靴先を地面に叩き付けてしっかりと履いたところで顔をあげた坂田は高杉の異変に気づいたようだ。

『履き替えねェの?』
『なぁ坂田。これって…』

そう言って高杉が差し出したのはハート柄のピンクの便箋。
明らかに女の文字で、晋助君へと書かれていた。

『ラブレター…だよな?』

確かにそれは彼も何度か貰ったことのあるそれだった。



6.

――今日の放課後、体育館横の花壇で待ってます。

高杉のラブレターにはそう書かれていた。

差出人は学年でも1、2を争うほどの女で。坂田に一度、告白して振られている。

『と、言う訳らしいわりィな坂田、今日は先に帰ってくれ』

ラブレターを渡された以上、YesにしろNoにしろそこに行くべきだと高杉は考えているようだった。

『はァ?いいじゃねェか。んなもんほっといて帰ろうぜ』

それに対して、坂田は自分が好いている高杉がラブレターを貰ってのこのこ会いに行くのが嫌らしい。

『そんな言い方しなくたって…』

『お前の事好きな奴なんて掃いて捨てるほどいるじゃねーか。
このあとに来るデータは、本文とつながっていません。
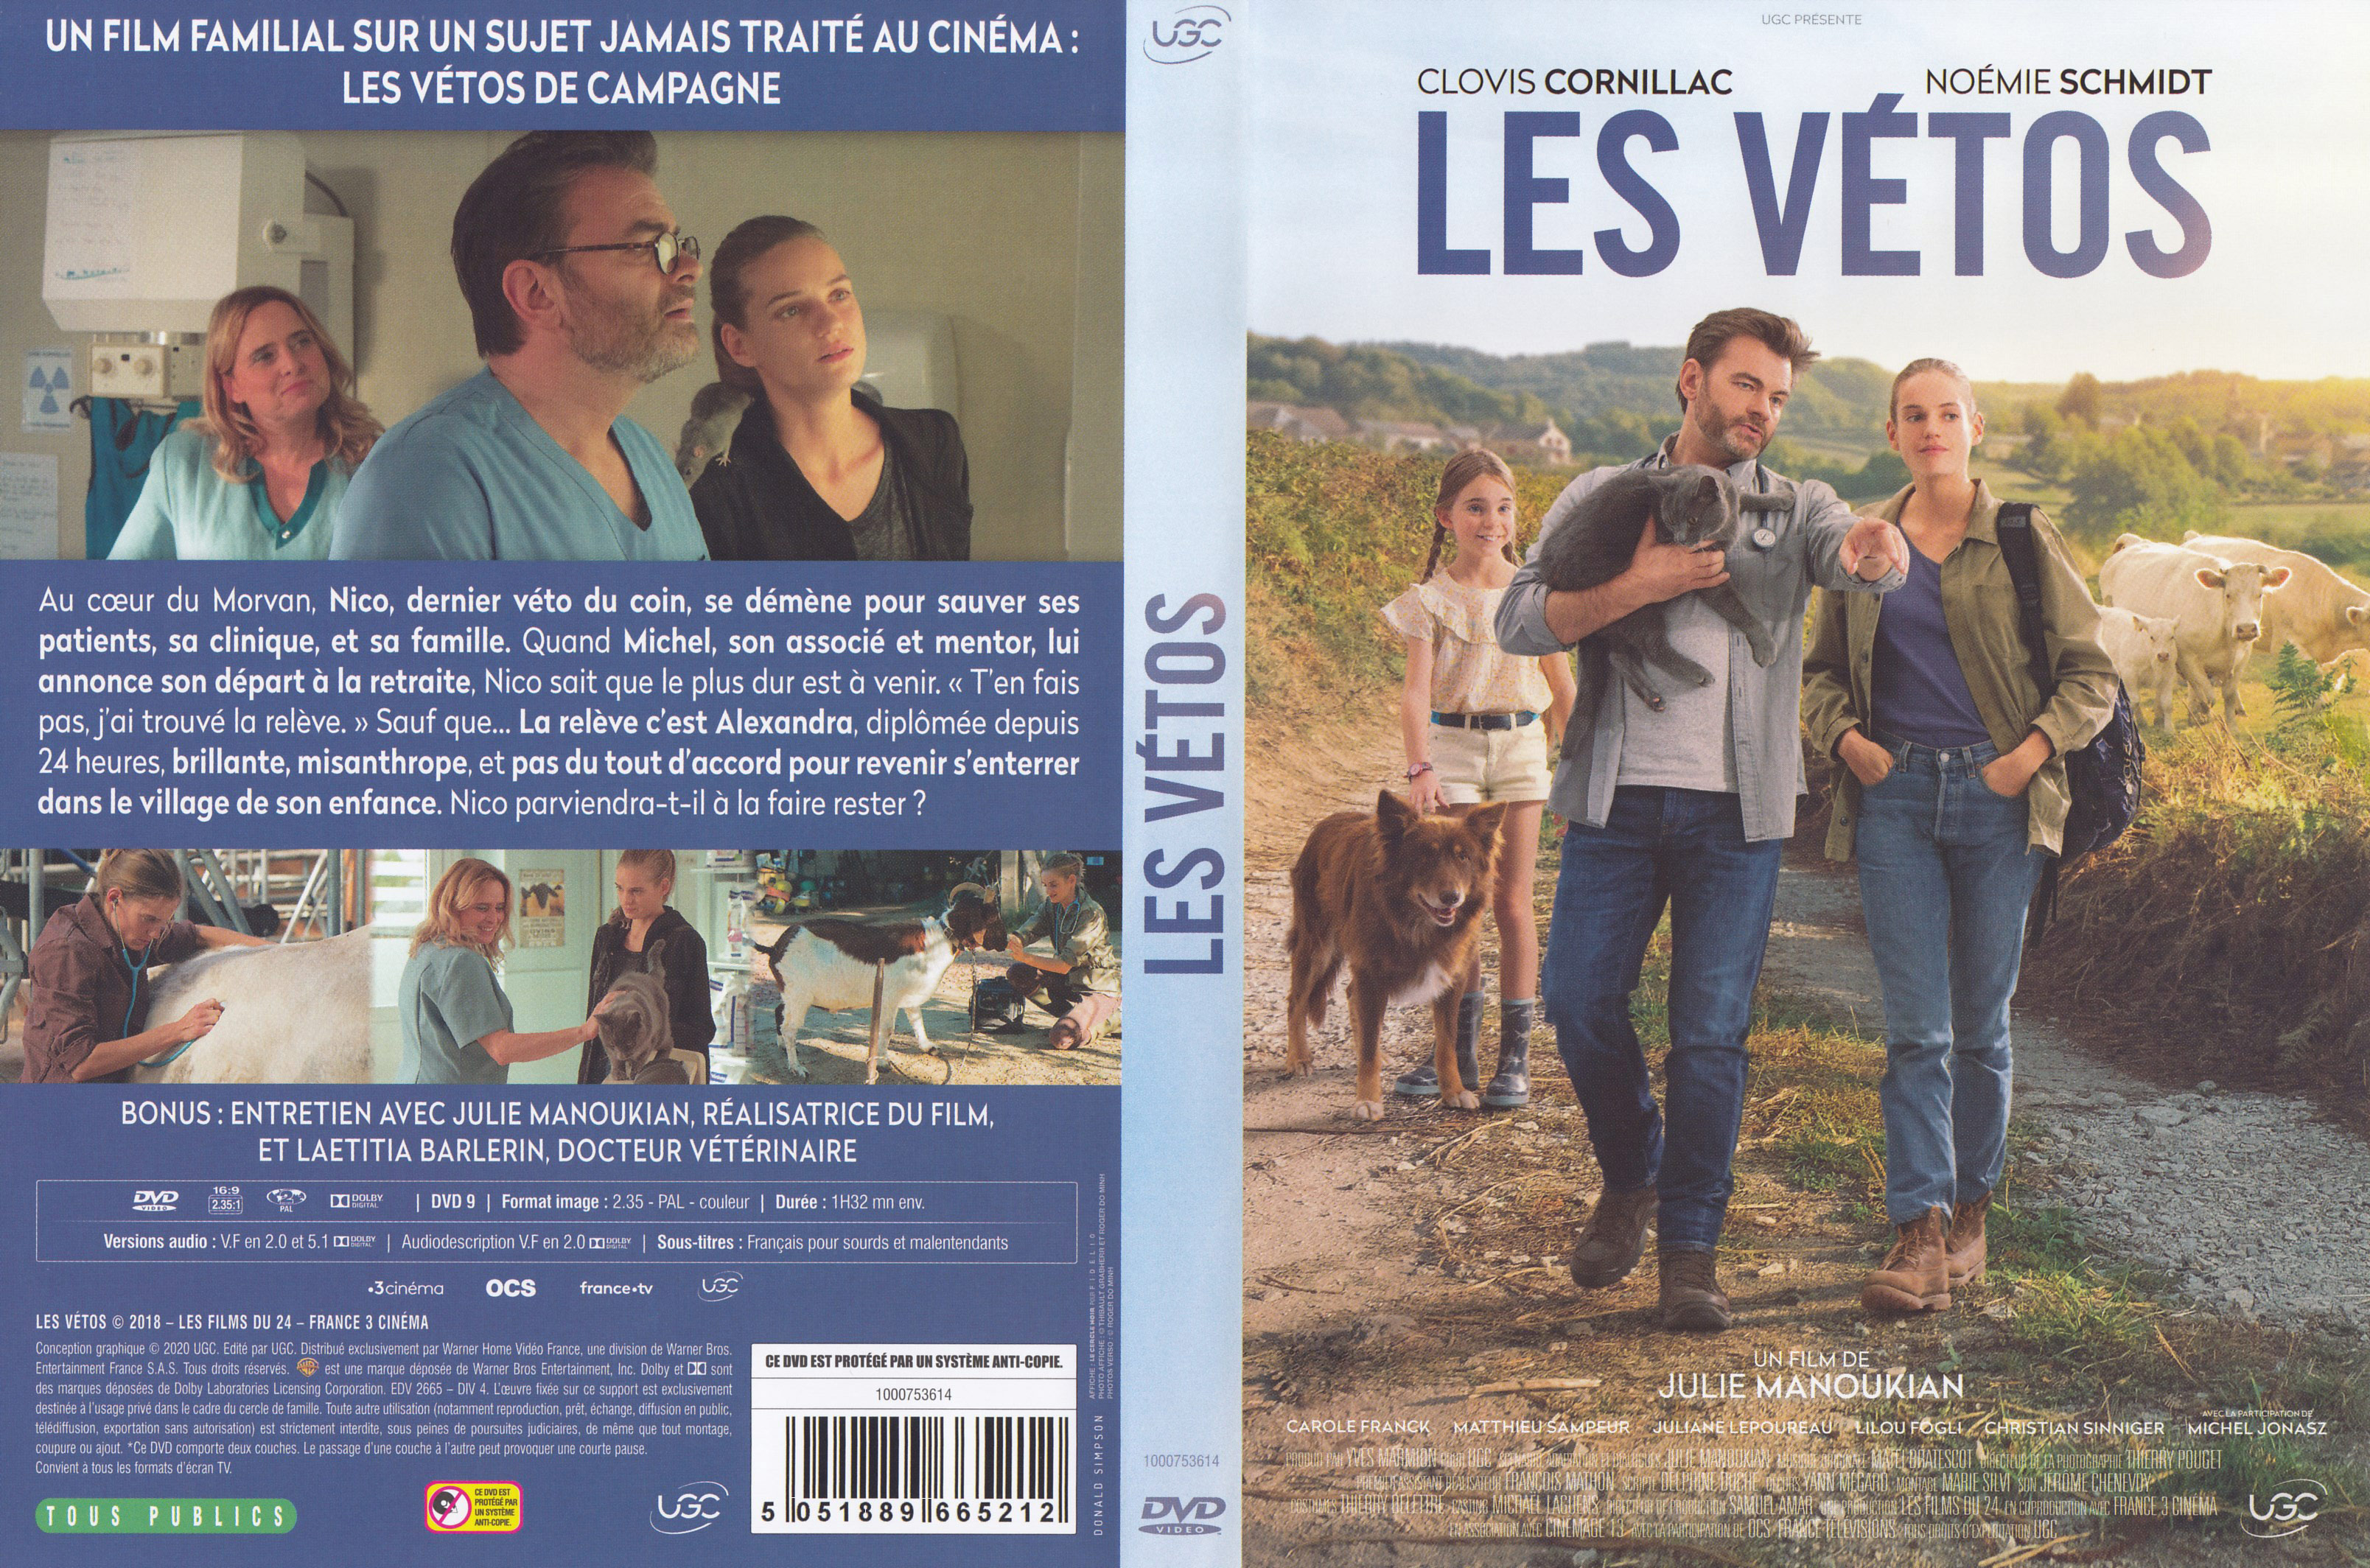 Jaquette DVD Les vetos

わざわざ相手してやる必要もないんじゃね?』

『坂田…これは俺の問題だ。てめェには関係ない。』

その言葉が頭にきたのか、それだけ呟き下靴を履いて体育館の方へ去って行った。

『関係ない…ね。俺だって』
(お前の事が好きなのに)



5.

『待てよ、高杉ッッ』

しばらく下駄箱で立ち止まっていた坂田だったが、まんざらでもなさそうな高杉を見て何かを決心ししたようで高杉を追いかけてきた。

『あァ?』

高杉の機嫌は最悪。

彼は勝率のなさそうな賭けはしない主義らしいいが、今回の場合は元から勝ち目なんてないと思っているようだ。
当たって砕けてお終いなのが目に見えているが…彼は気持ちを抑えきれないらしい。

パシッと高杉の腕をつかみ、自分の方を向かせて一言

『俺はお前が好きだ!!』

ひと気のない裏道に声が響いた。